# Ipod Adapter for 2005.5 Jetta



## kpytoi9 (Jan 1, 2007)

I am looking for an ipod adapter for my 05.5 Jetta. Any suggestions would be appreciated. I want to be able to control the ipod from my radio. I have the radio with a six disc in dash cd changer.


----------



## [email protected] (Jan 26, 2006)

*Re: Ipod Adapter for 2005.5 Jetta (kpytoi9)*

check this link out, http://forums.vwvortex.com/zerothread?id=2953766


----------



## vwooom (Aug 23, 2005)

I recently got my factory deck hooked up to a Nano, using a http://www.ipod2car.com kit. I now use my cd mode, and deck buttons to move through the Nano playlist. The hardest part was making a tool to pull my deck out of the dash, and then I just had to set a couple of tiny switches on the adaptor according to my car type, and plug it into the cd changer port on the back of my deck, then put a ground wire down.
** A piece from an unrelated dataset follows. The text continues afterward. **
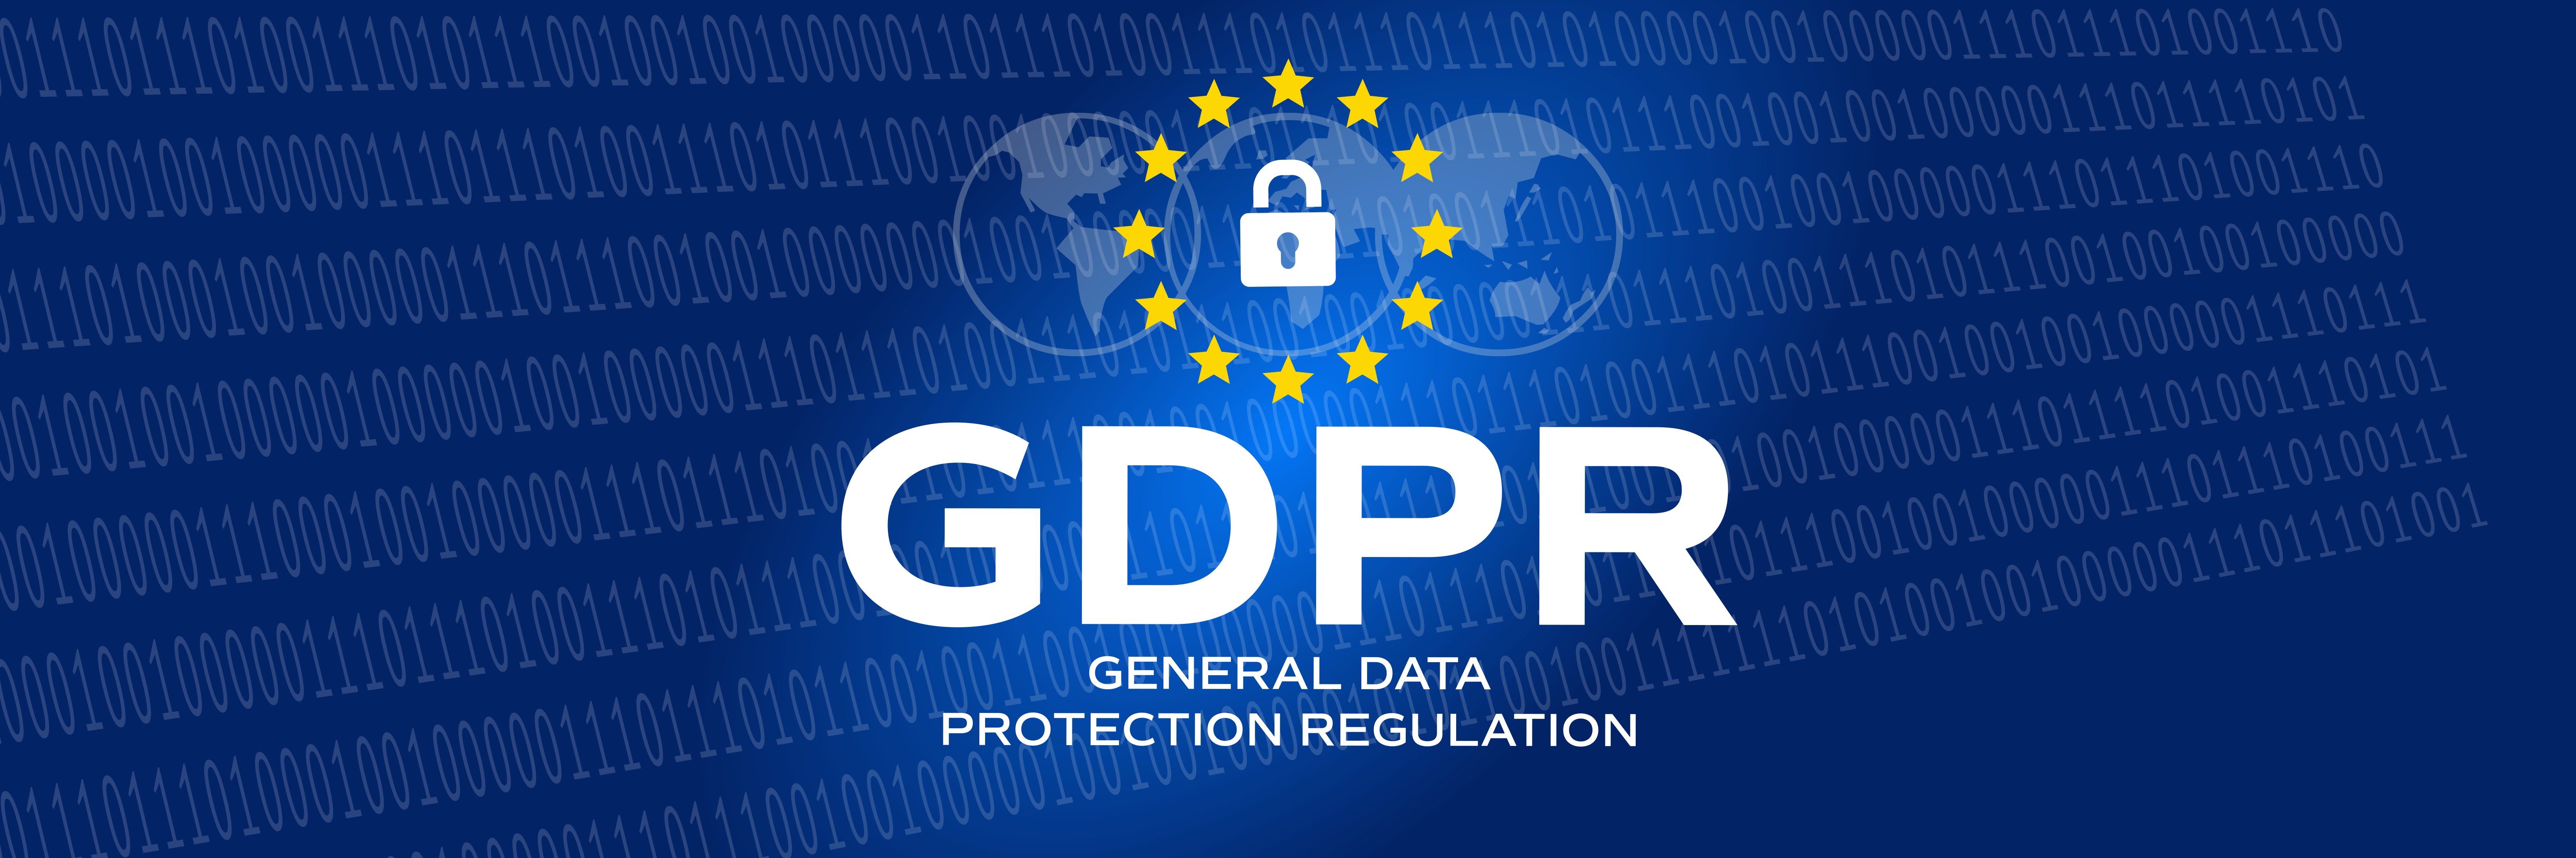 New GDPR standard contractual clauses (SCCs) issued by the European Commission

It took me longer to get the deck out of the dash, than to get the tunes honking on my stereo.


----------



## [email protected] (Jan 26, 2006)

*Re: (vwooom)*

I'd suggest a VW specific unit, instead of a unitversal box that works for almost any car made
the USA Spec PA11 VW6 has been working great in the MK5s and is very verisitile in its control modes, and even feateres and aux input
link to PA11 VW6


----------